Action item:
Please return the listing below exactly, without any of its pictures.

Material provided:
=====
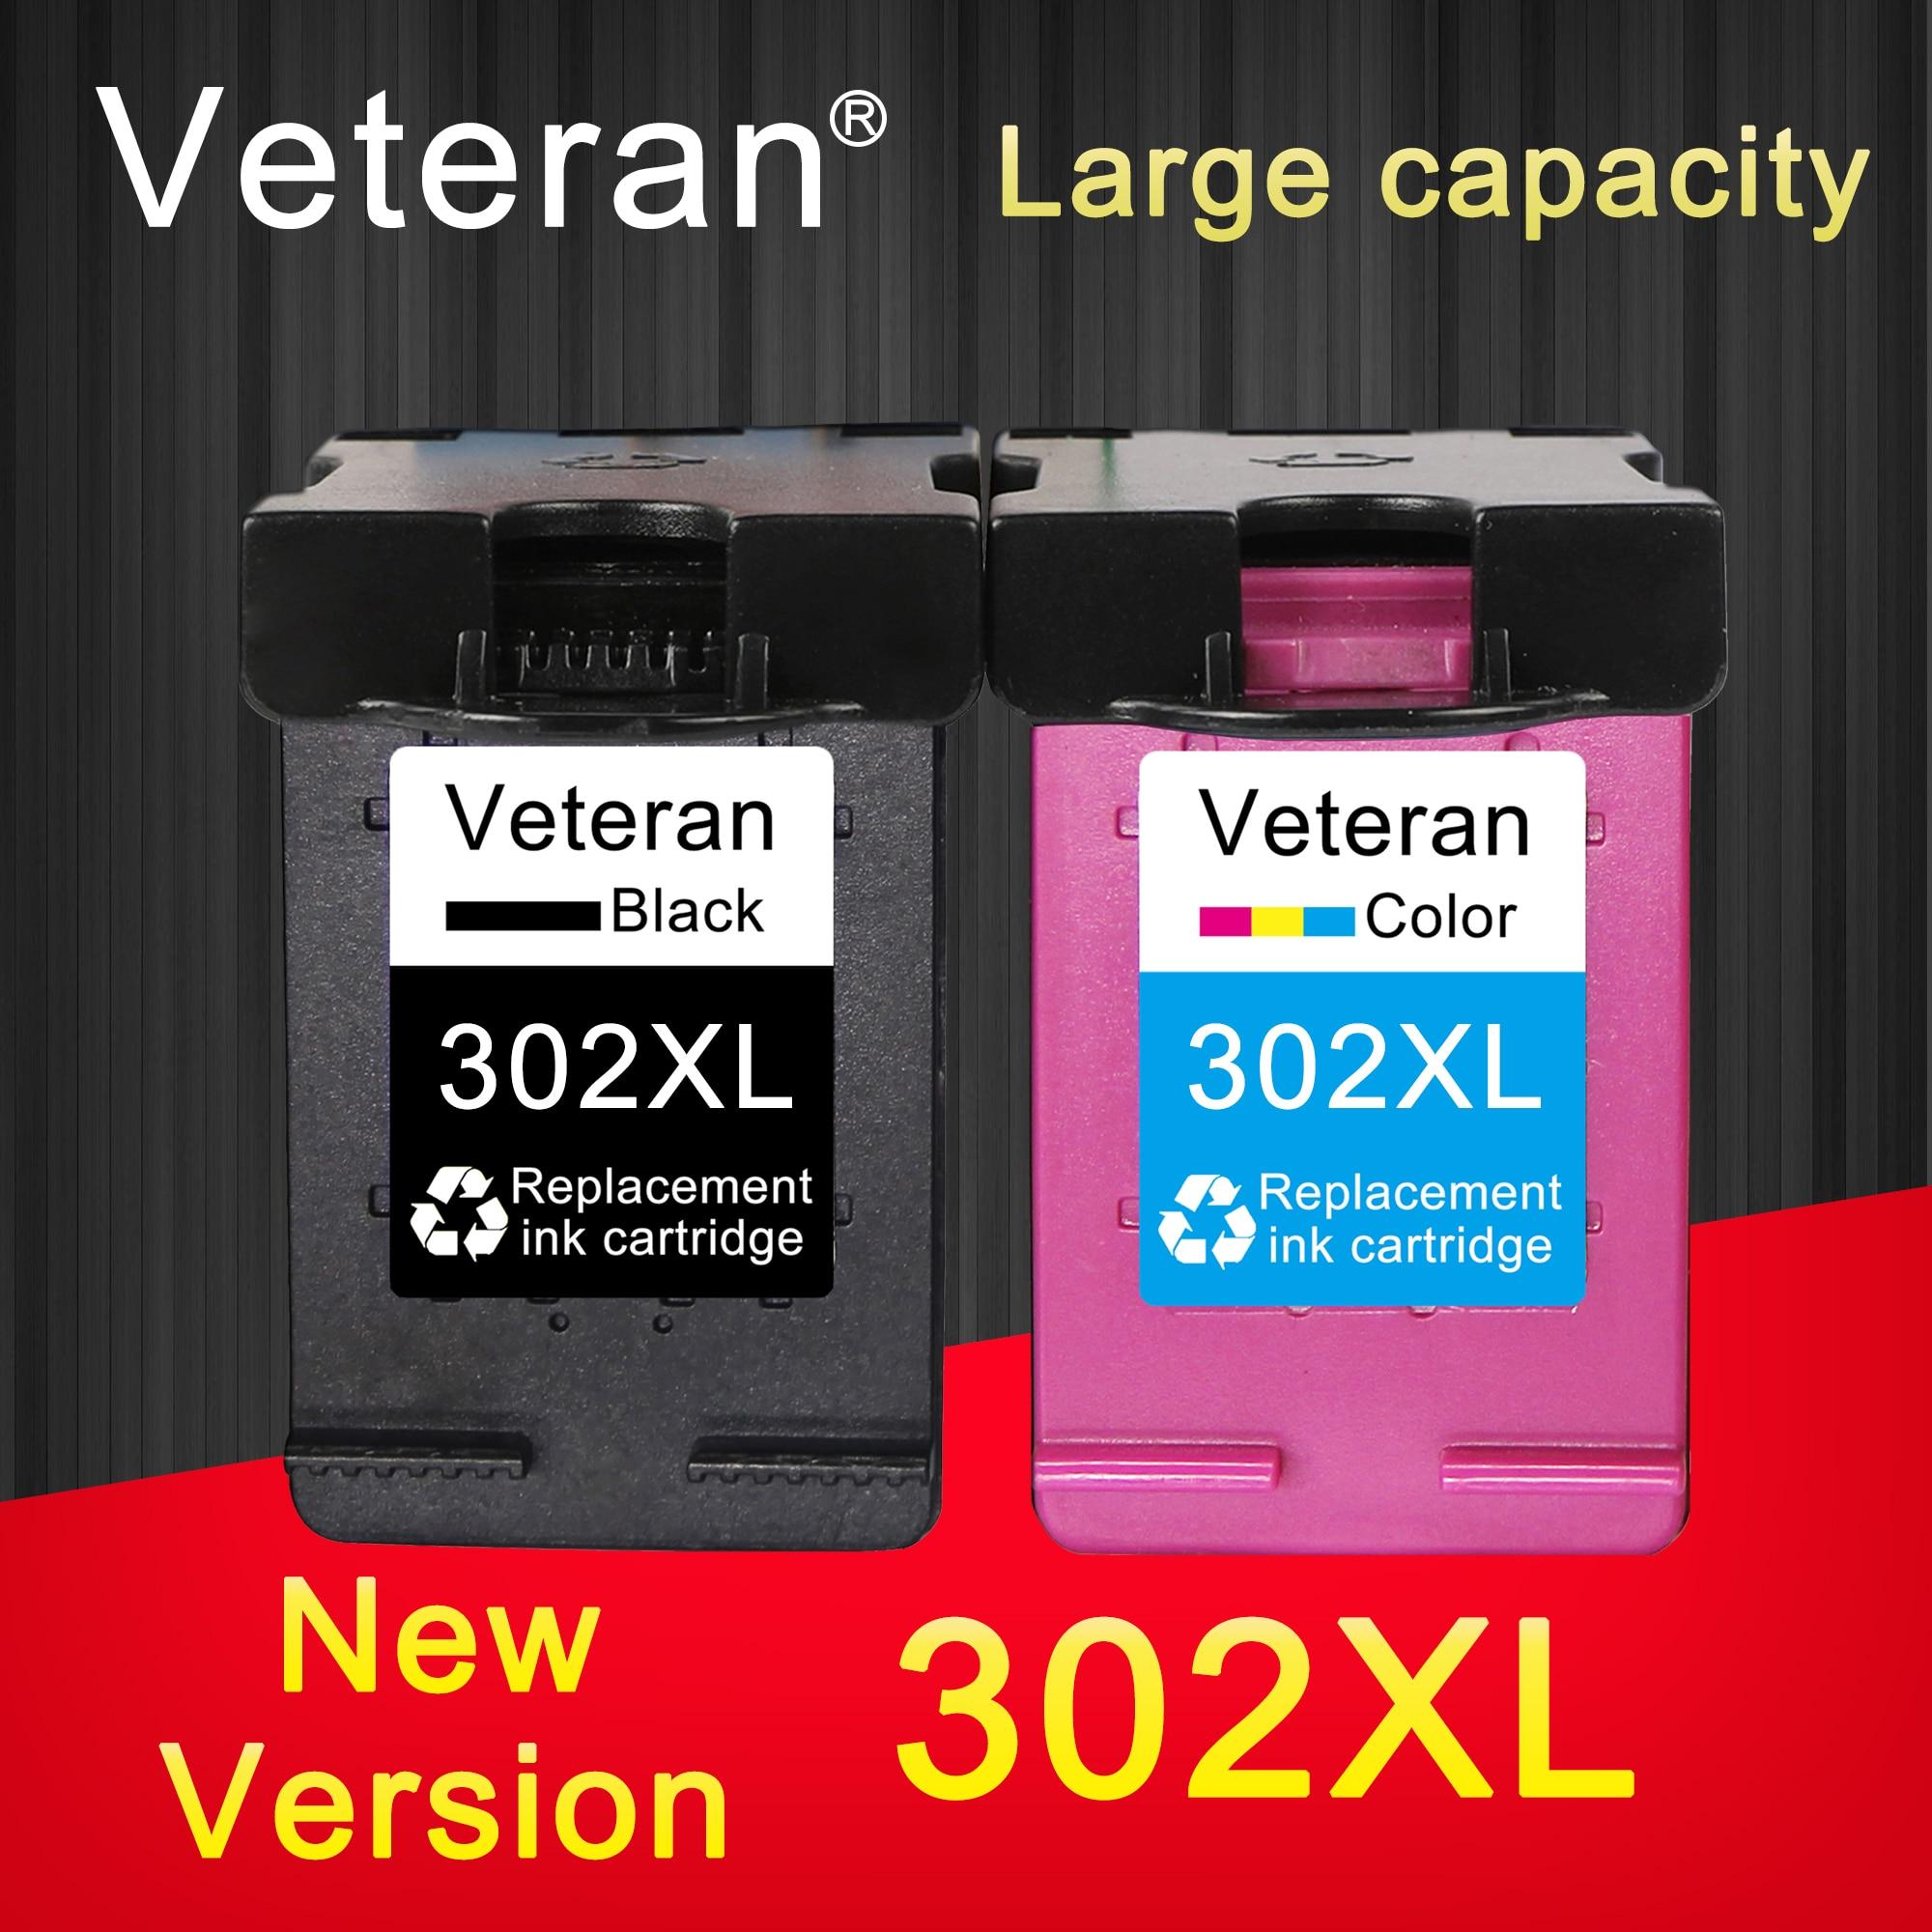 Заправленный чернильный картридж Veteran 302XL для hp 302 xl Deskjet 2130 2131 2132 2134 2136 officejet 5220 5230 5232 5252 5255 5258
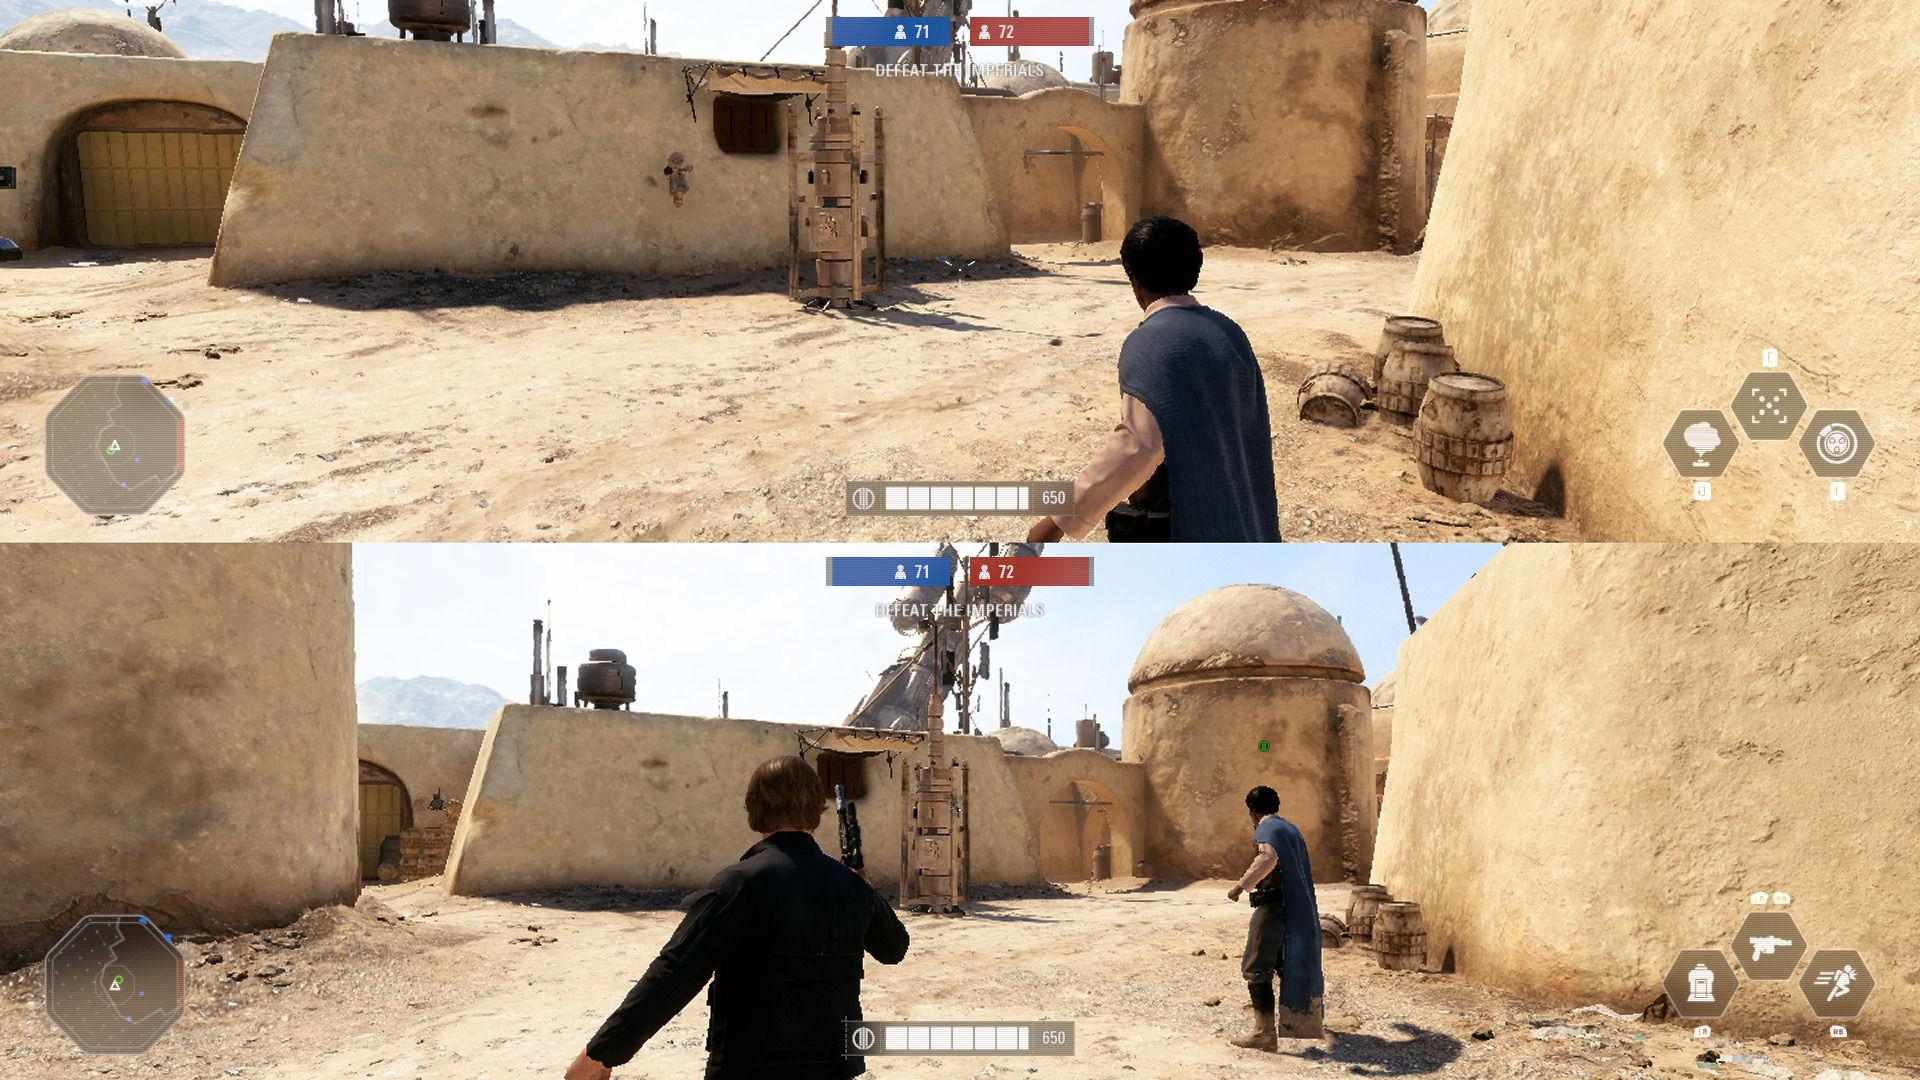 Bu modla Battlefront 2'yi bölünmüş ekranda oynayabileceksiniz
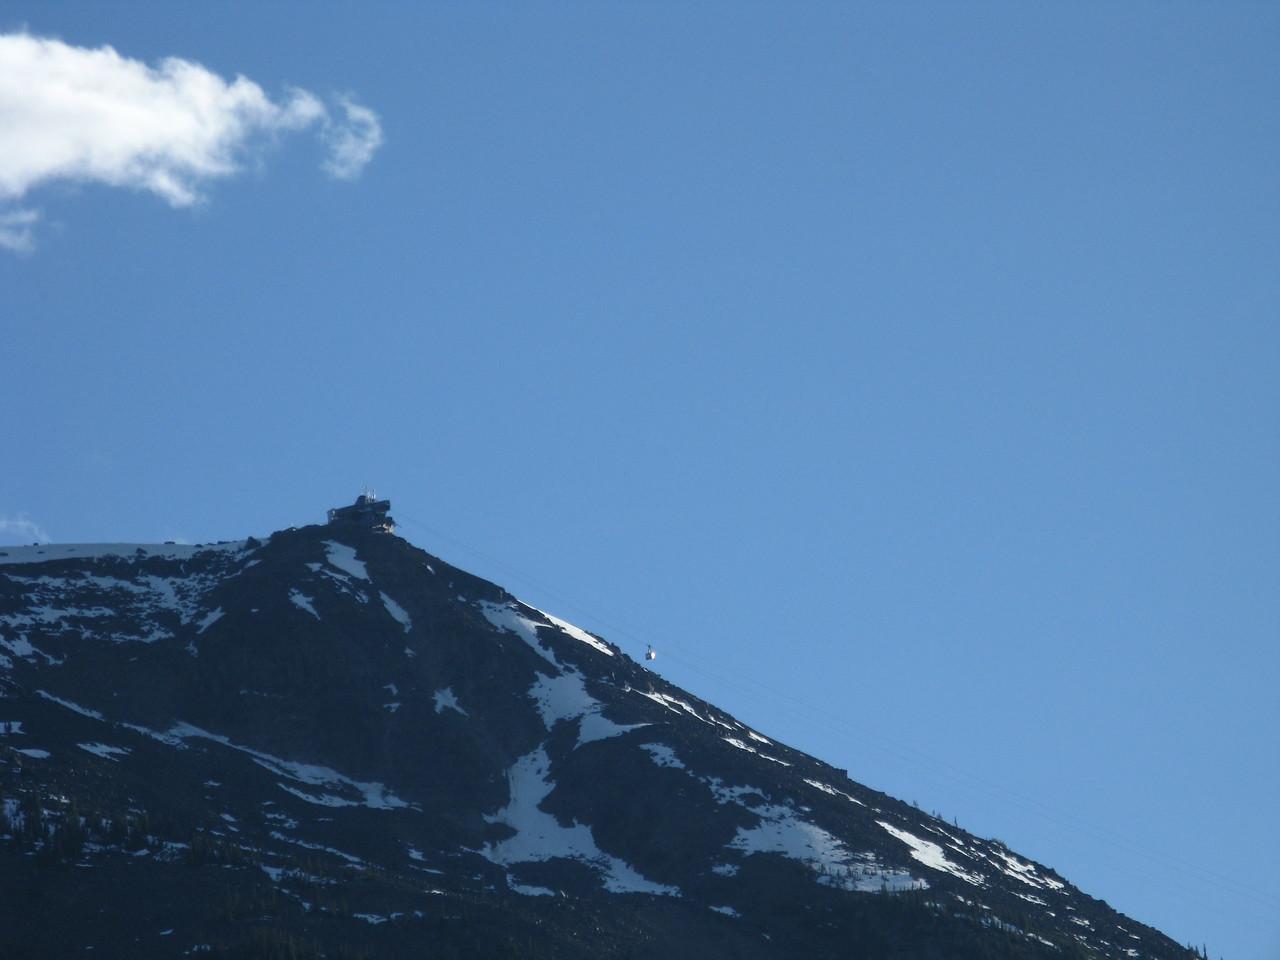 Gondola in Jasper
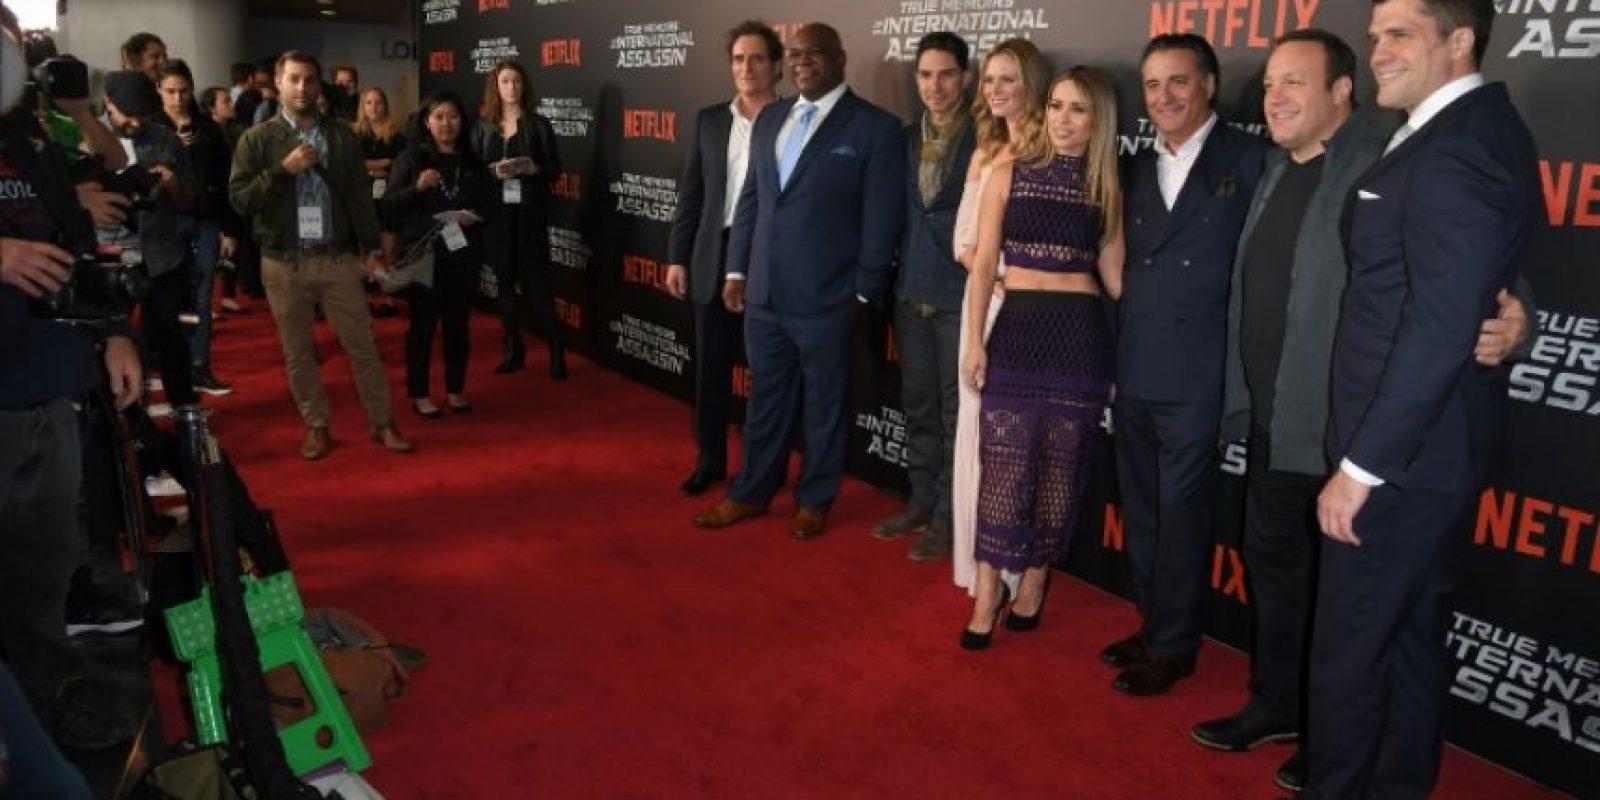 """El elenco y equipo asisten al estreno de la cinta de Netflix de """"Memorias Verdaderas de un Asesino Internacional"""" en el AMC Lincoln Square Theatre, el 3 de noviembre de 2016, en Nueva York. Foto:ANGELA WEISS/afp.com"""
=====
Response for this exercise:
 Заправленный чернильный картридж Veteran 302XL для hp 302 xl Deskjet 2130 2131 2132 2134 2136 officejet 5220 5230 5232 5252 5255 5258
 Bu modla Battlefront 2'yi bölünmüş ekranda oynayabileceksiniz
 Gondola in Jasper
 """El elenco y equipo asisten al estreno de la cinta de Netflix de """"Memorias Verdaderas de un Asesino Internacional"""" en el AMC Lincoln Square Theatre, el 3 de noviembre de 2016, en Nueva York. Foto:ANGELA WEISS/afp.com"""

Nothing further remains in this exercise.